Task objective:
Reproduce the listing in full. Omit the pictures.

Dataset extract:
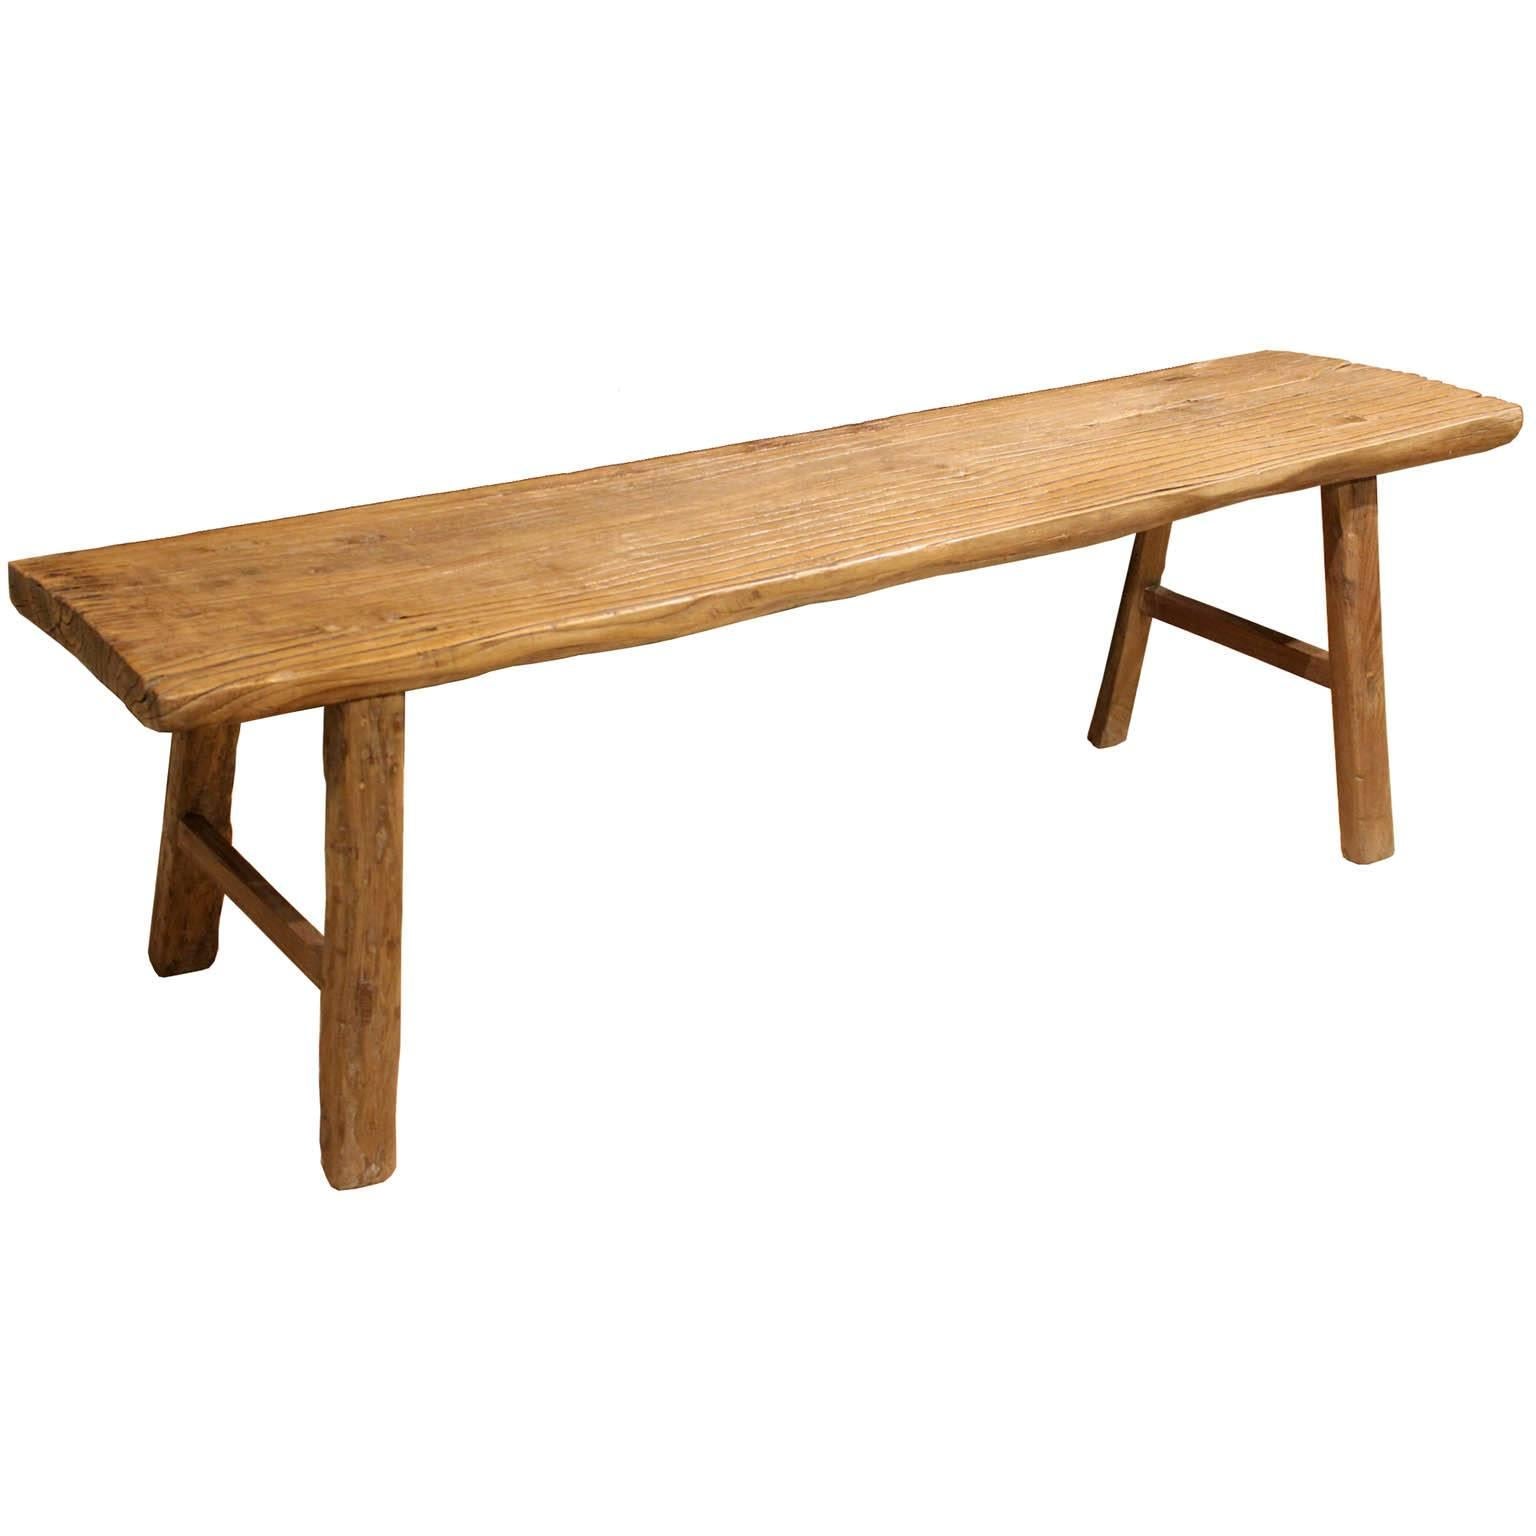 Elmwood bench with side support bars was originally used to practice martial arts. Place at the end of a bed or in the living room for extra seating.
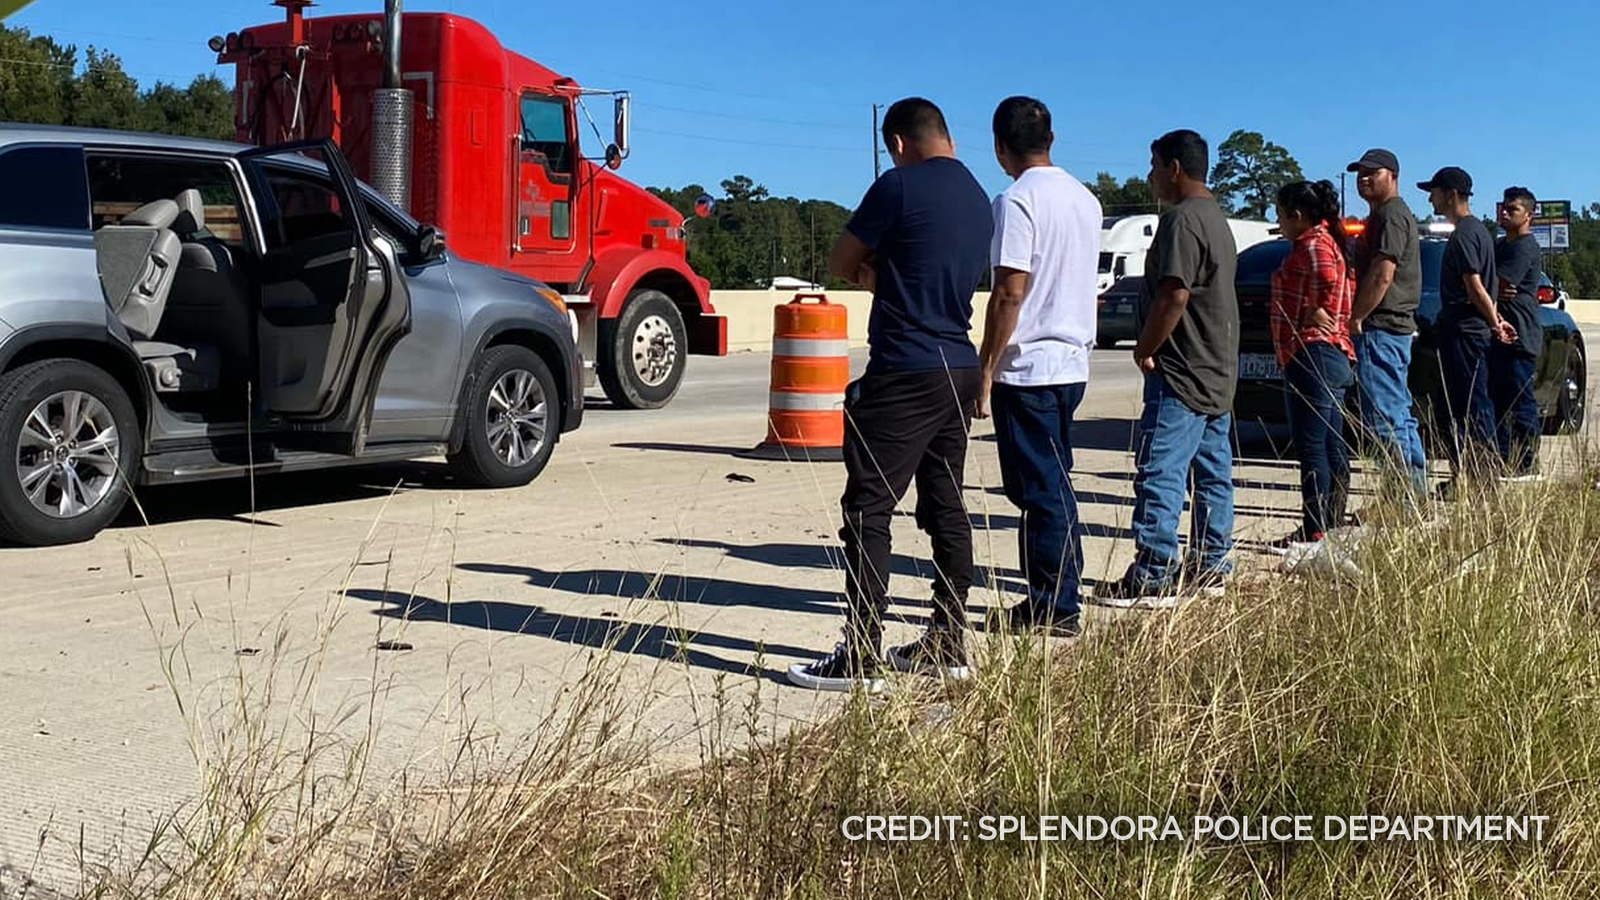   
																Driver arrested after smuggling 7 undocumented immigrants in Splendora, police say 
															 
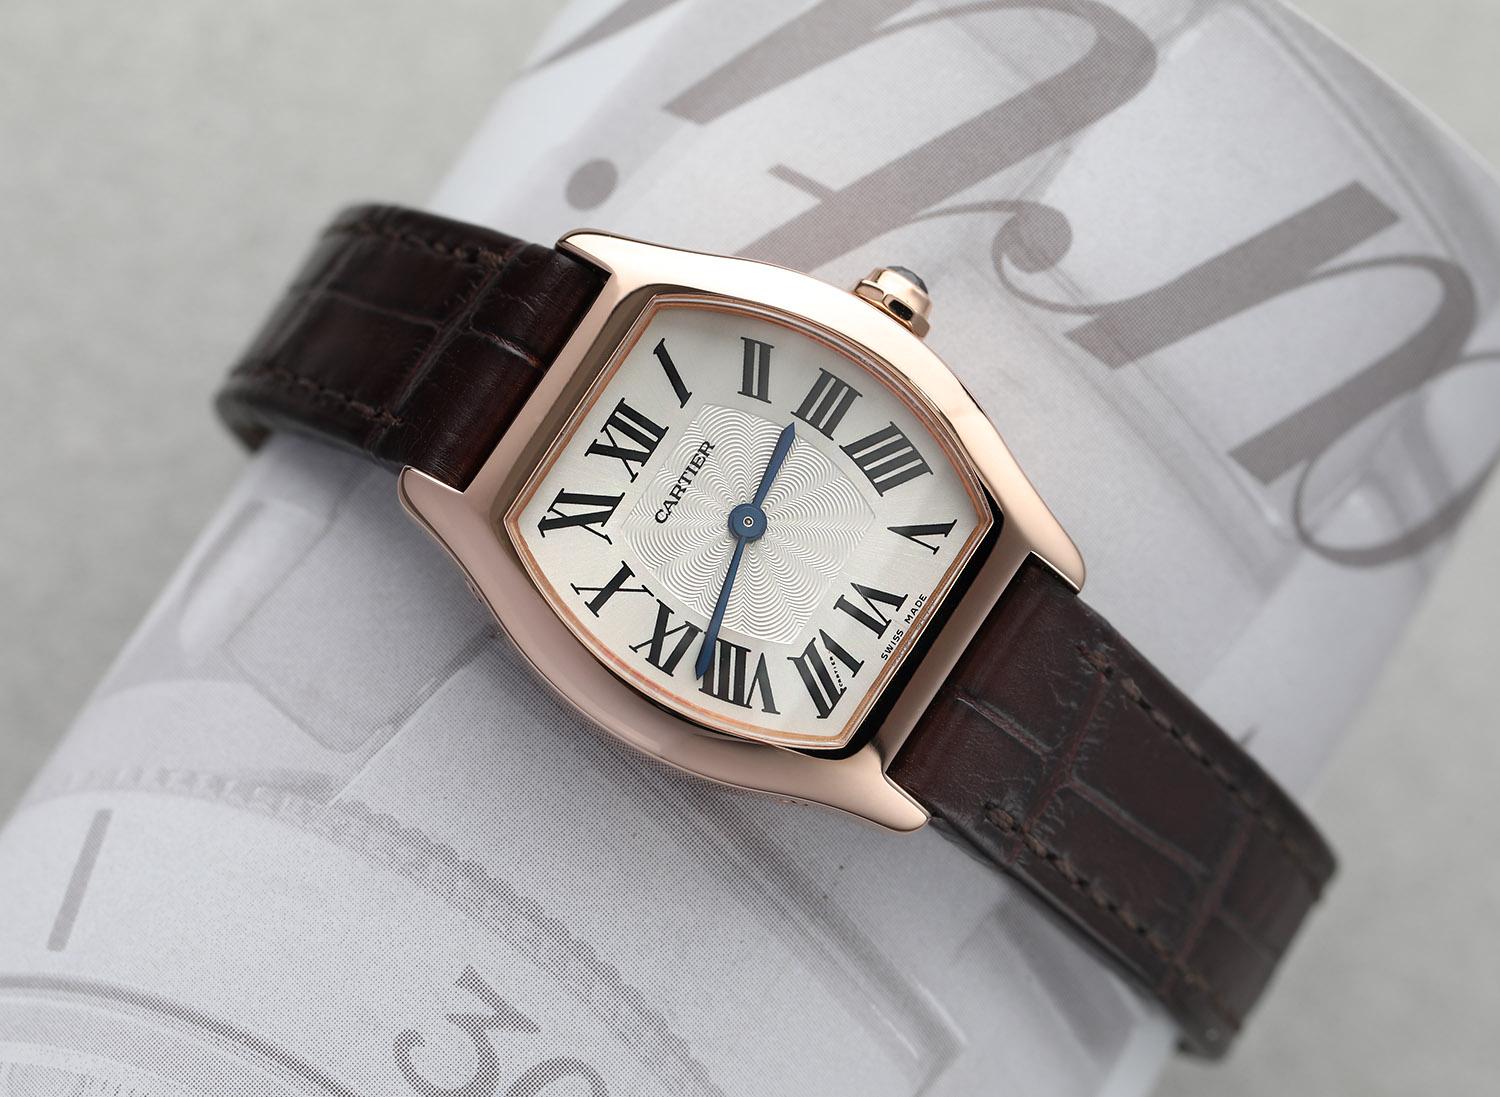 This watch in overall excellent pre-owned condition. It has been professionally polished and necessary adjustments are made to ensure the watch is functioning as intended. Listed pictures are actual pictures of the watch. It comes with a Cartier
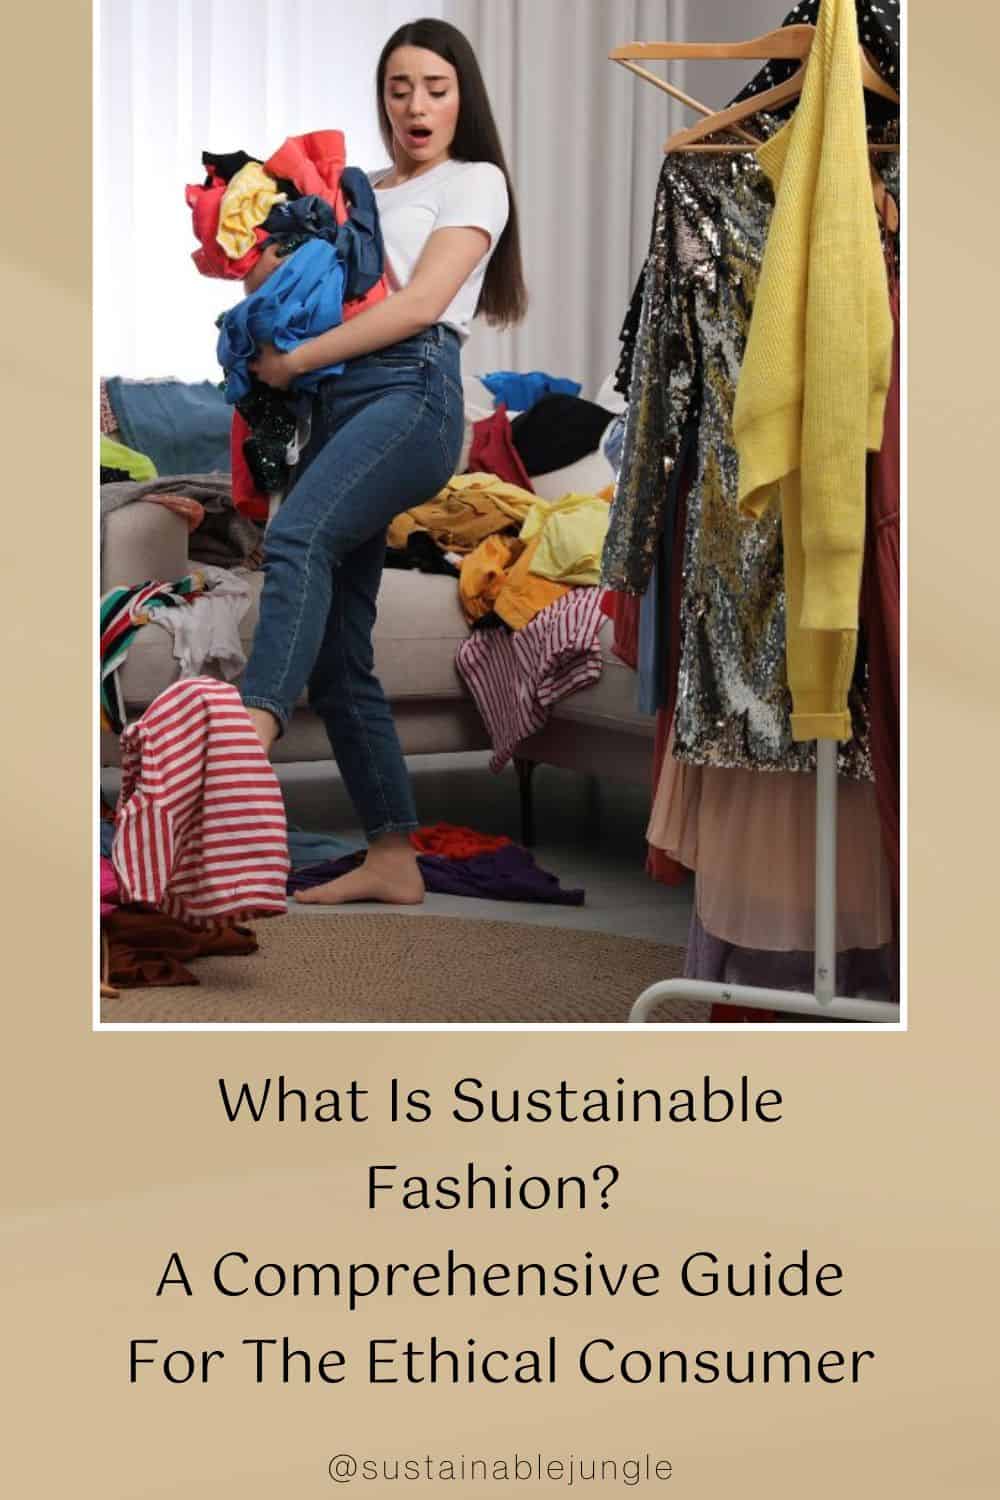 What Is Sustainable Fashion? A Comprehensive Guide For The Ethical Consumer Image by New Africa studio #whatissustainablefashion #sustainablefashion #whatissustainableandethicalfashion #sustainablefashionindustry #ethicalfashion #sustainabilityinfashion #sustainablejungle

Completed exercise:
 Elmwood bench with side support bars was originally used to practice martial arts. Place at the end of a bed or in the living room for extra seating.
																Driver arrested after smuggling 7 undocumented immigrants in Splendora, police say 
															 
 This watch in overall excellent pre-owned condition. It has been professionally polished and necessary adjustments are made to ensure the watch is functioning as intended. Listed pictures are actual pictures of the watch. It comes with a Cartier
 What Is Sustainable Fashion? A Comprehensive Guide For The Ethical Consumer Image by New Africa studio #whatissustainablefashion #sustainablefashion #whatissustainableandethicalfashion #sustainablefashionindustry #ethicalfashion #sustainabilityinfashion #sustainablejungle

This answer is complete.